What you are asked to do: Copy out each line of the listing below in which the string "Black" occurs.

Supplied records:

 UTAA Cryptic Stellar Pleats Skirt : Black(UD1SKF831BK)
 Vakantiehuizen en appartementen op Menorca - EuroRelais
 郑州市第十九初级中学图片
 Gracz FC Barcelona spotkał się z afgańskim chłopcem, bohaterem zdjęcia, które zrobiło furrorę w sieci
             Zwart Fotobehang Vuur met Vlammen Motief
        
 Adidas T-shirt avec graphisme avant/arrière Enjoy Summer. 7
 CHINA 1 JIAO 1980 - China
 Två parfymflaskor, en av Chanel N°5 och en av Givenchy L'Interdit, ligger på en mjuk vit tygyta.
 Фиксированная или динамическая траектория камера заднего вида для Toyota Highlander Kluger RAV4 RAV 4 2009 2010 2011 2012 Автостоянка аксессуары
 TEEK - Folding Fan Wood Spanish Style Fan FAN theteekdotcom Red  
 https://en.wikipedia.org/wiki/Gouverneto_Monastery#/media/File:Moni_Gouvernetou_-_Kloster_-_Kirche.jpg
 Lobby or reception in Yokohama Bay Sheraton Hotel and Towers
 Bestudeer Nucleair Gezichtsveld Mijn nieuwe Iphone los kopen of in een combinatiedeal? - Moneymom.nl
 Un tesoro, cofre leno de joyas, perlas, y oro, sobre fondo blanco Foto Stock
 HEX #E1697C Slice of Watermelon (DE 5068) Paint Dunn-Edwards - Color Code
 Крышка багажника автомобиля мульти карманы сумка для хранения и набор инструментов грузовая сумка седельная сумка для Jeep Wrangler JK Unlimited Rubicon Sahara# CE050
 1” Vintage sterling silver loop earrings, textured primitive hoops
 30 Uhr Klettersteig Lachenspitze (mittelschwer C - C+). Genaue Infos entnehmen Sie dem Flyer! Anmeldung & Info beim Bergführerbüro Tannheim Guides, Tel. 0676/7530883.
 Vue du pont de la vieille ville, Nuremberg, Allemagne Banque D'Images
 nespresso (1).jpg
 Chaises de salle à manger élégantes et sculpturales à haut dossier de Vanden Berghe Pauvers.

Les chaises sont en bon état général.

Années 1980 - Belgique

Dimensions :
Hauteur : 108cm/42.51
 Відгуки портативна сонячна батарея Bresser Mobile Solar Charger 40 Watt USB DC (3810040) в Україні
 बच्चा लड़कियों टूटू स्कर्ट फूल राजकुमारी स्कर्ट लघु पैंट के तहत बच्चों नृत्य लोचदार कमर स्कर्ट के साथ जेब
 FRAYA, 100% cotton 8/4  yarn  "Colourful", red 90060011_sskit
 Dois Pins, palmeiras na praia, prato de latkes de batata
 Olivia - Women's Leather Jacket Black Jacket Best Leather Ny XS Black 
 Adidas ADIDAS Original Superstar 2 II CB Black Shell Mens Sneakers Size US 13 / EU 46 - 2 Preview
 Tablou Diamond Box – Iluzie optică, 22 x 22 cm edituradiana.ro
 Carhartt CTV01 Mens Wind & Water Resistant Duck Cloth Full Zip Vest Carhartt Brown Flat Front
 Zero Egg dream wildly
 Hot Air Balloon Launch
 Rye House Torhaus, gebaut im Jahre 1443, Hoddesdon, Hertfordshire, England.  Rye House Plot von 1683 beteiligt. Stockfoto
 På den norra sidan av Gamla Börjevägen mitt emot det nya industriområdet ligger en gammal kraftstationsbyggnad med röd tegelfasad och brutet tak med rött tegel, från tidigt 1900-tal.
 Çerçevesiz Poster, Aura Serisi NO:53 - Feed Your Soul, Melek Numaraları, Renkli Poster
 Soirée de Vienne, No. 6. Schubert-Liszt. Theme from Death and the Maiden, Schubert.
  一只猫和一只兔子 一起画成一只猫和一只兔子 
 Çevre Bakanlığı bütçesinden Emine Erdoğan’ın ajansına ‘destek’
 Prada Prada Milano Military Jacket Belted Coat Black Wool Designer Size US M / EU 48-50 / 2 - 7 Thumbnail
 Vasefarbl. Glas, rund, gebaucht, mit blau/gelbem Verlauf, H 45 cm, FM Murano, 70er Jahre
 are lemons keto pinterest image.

Task answer:
 UTAA Cryptic Stellar Pleats Skirt : Black(UD1SKF831BK)
 Olivia - Women's Leather Jacket Black Jacket Best Leather Ny XS Black 
 Adidas ADIDAS Original Superstar 2 II CB Black Shell Mens Sneakers Size US 13 / EU 46 - 2 Preview
 Prada Prada Milano Military Jacket Belted Coat Black Wool Designer Size US M / EU 48-50 / 2 - 7 Thumbnail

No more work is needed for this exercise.